It was in complete silence that the people of Dogville turned up for the meeting at the mission house - two weeks to the day that the beautiful fugitive had come to town. Grace was sent out to await the verdict of the townsfolk. She listened as the bell chimed once for each vote allowing her to stay.
Spring and early summer proved a happy time for Grace. The town had agreed that everyone was to give according to his abilities and she received wages for her chores - not much, but enough to save up for the first of the tiny china figurines from the row of seven that had stood for so long gathering dust in the window of the store. At the annual Fourth of July picnic, Grace and Tom shyly declared their love for one another.
One day, when Grace was in the orchard helping Chuck (Stellan Skarsgaard) the police came to Dogville and put up a wanted poster. That the gangsters had fixed to have charges made against Grace in their efforts to neutralize her came as no surprise. But Dogville began to bare its teeth.
Suddenly, Grace was working all hours. She was scolded by Ma Ginger for taking a shortcut through the gooseberry bushes. Jack McKay allowed his hand to linger on her thigh; Chuck took advantage of her in the apple orchard. Chuck and Vera’s boy, Jason, demanded a spanking from poor Grace and having received his punishment, promptly betrayed her. But Grace had finally saved up enough money to purchase the last of the little china figurines in Ma Ginger’s window.
Vera (Patricia Clarkson), Liz and Martha visited Grace to air their grievances against her. Grace was restrained by Liz and Martha as Vera smashed each and every one of Grace’s beloved, hard-won china figurines.
Tom persuaded Grace that she should escape from Dogville with the help of the simple trucker, Ben (Zelko Ivanec). Instead of taking Grace down the mountain, Ben took advantage of her in the back of his truck and returned to Dogville with the fugitive hidden under a tarp. Grace’s plan to escape was exposed and Tom did not come to her defense when it was discovered that Tom Edison Sr.’s considerable stash of money had disappeared.

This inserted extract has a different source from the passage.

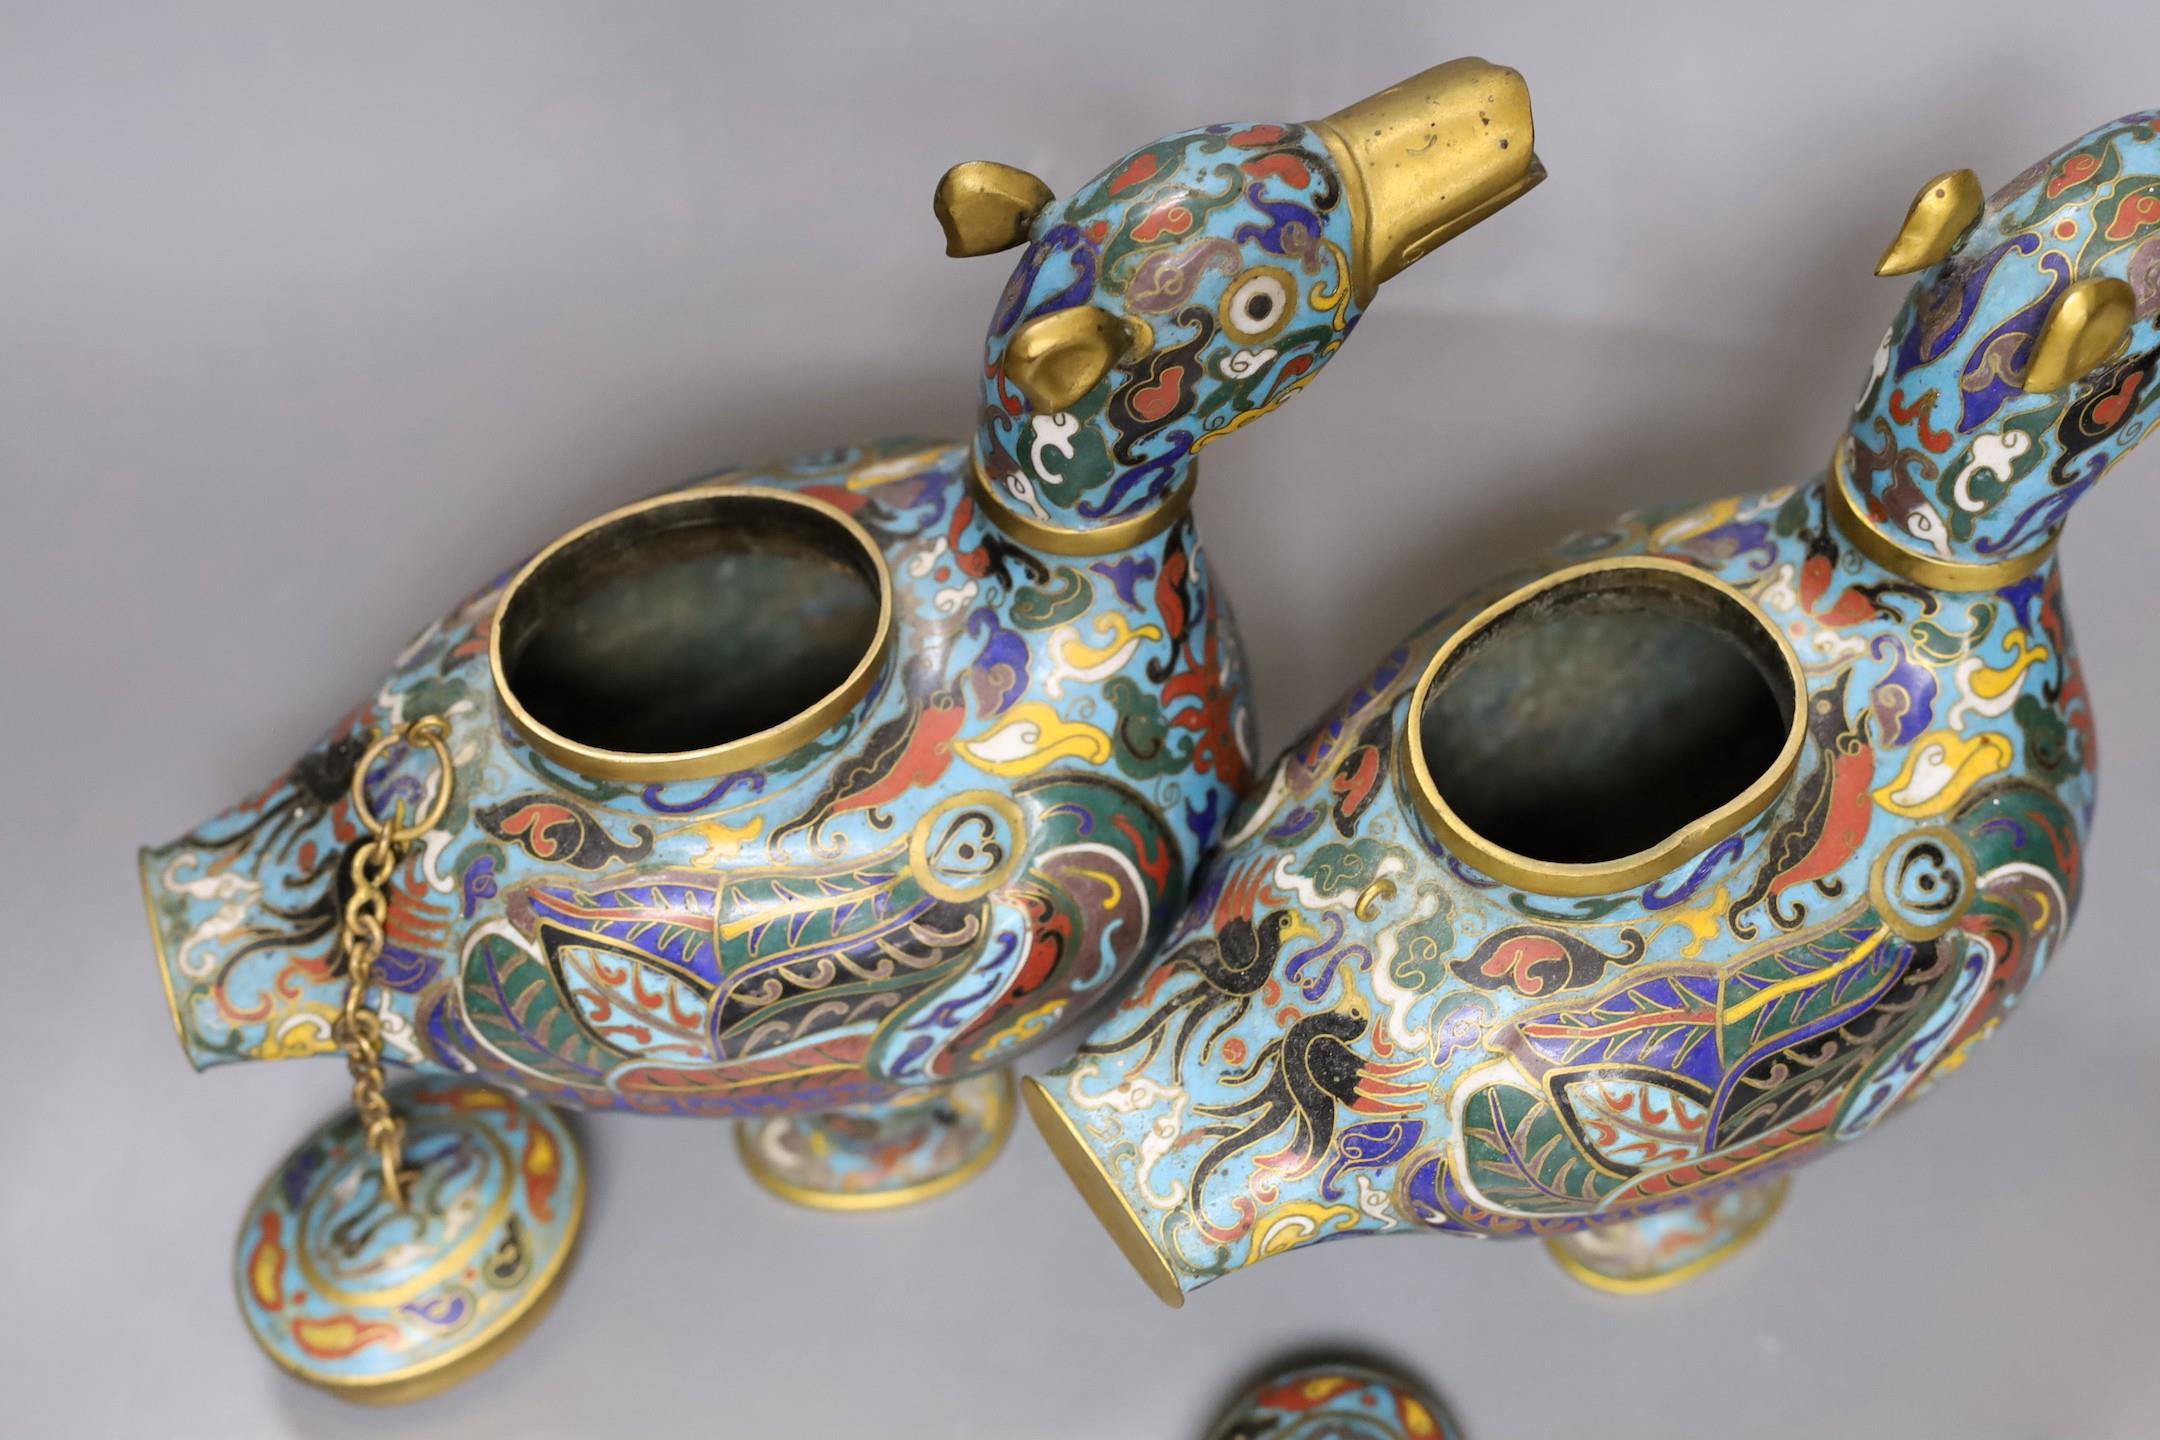 A pair of 20th century Chinese cloisonné enamel ‘duck’ vessels, 20cm - Image 3 of 3

The good people of Dogville decided to prevent her running away again and Grace was attached by Moses’ collar to a rusty old flywheel that she dragged behind her on a heavy chain.
With the exception of Tom who bitterly denied himself, all the menfolk of Dogville now took to visiting Grace at night and forcing themselves on her. Tom saw everything and it pained him.

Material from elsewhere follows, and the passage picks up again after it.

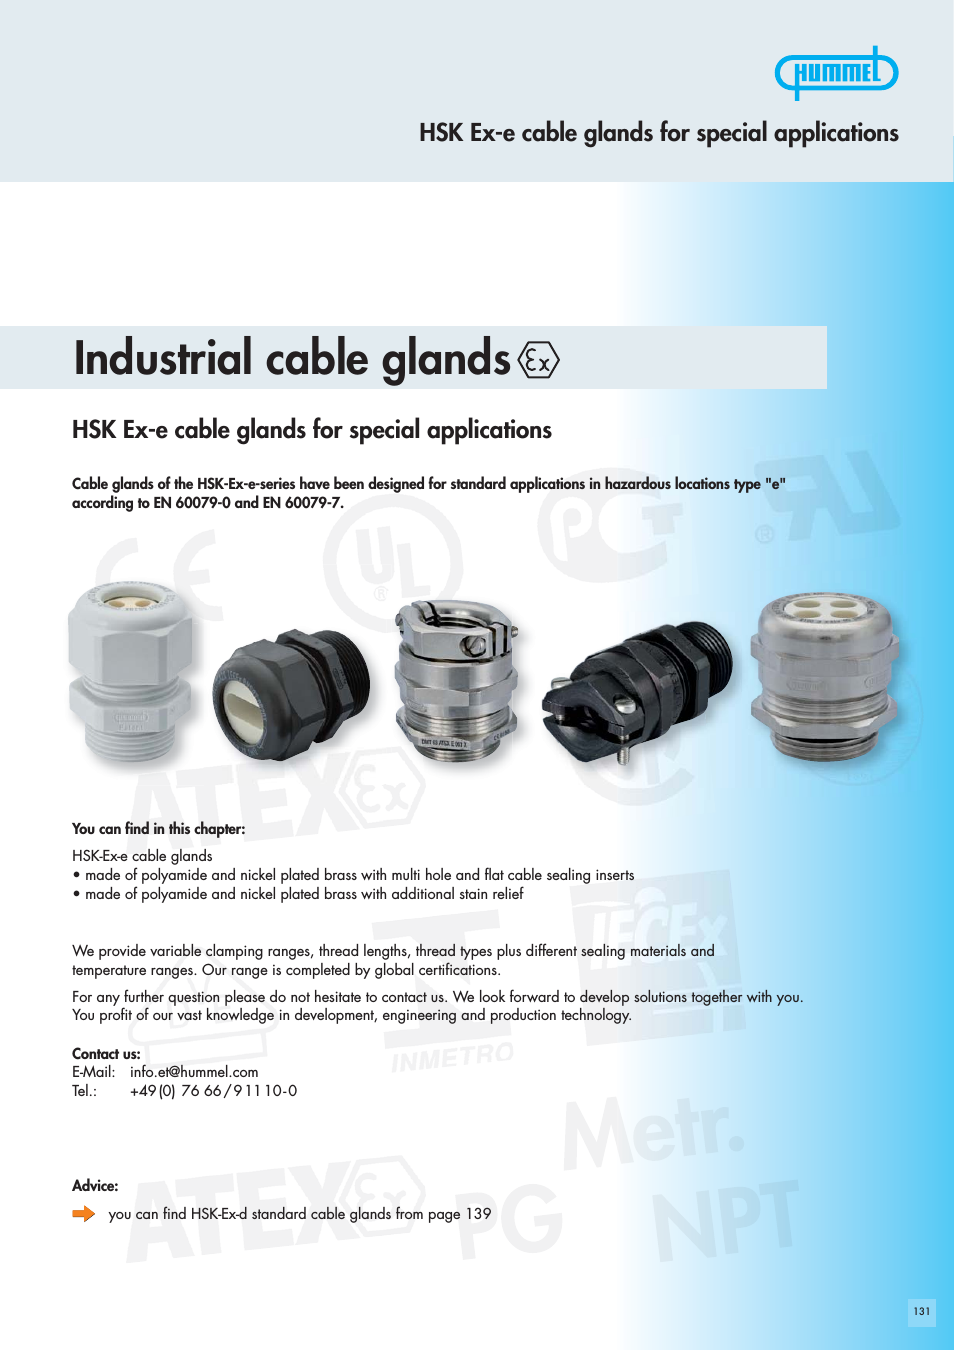 Hummel Ex-e Cable Glands for Special Applications

Another town meeting was convened and Grace told her side of the story, simply and without embellishment. But the townsfolk were not receptive to her argument and Tom, fearing that he too might be driven out of their good favor if he continued in his support of Grace, took drastic measures. Before returning to the meeting that night, Tom opened the little drawer he hadn’t opened since the night of Grace’s arrival, took out the gangster’s card and made a telephone call.
And then it was as if Dogville just waited. Even the wind dropped, leaving the town in an unfamiliar calm. From the moment when they’d finally heard the vehicles starting one after the other from the direction of the edge of the woods, things moved rapidly. Tom had arranged a delegation to provide a proper reception. Dogville might be off the beaten track but it was hospitable nevertheless.
As for Grace, well, she was no expert in exclusive automobiles, but she recognized with no difficulty the purr of the Cadillac as it rounded the corner and made its way into the township of Dogville…
INTERVIEW: LARS VON TRIER ON DOGVILLE
Two things inspired me to write “Dogville”. First of all, I went to Cannes with “Dancer in the Dark” and I was criticized by some American journalists for making a film about the USA without ever having been there. This provoked me because, as far as I can recall, they never went to Casablanca when they made “Casablanca”. I thought that was unfair so I decided then and there that I would make more films that take place in America. That was one thing.
Then I was listening to “Pirate Jenny”, the song by Bertolt Brecht and Kurt Weill from “The Threepenny Opera”. It’s a very powerful song and it has a revenge theme that I liked very much.
The film needed to be set in an isolated place because “Pirate Jenny” takes place in an isolated town. I decided that Dogville would be in the Rocky Mountains because if you have never been there, that sounds fantastic. What mountains aren’t rocky? Does that mean these ones are particularly rocky? It sounds like a name you might invent for a fairytale. And I decided that it would take place during the Depression because I thought that would provide the right atmosphere.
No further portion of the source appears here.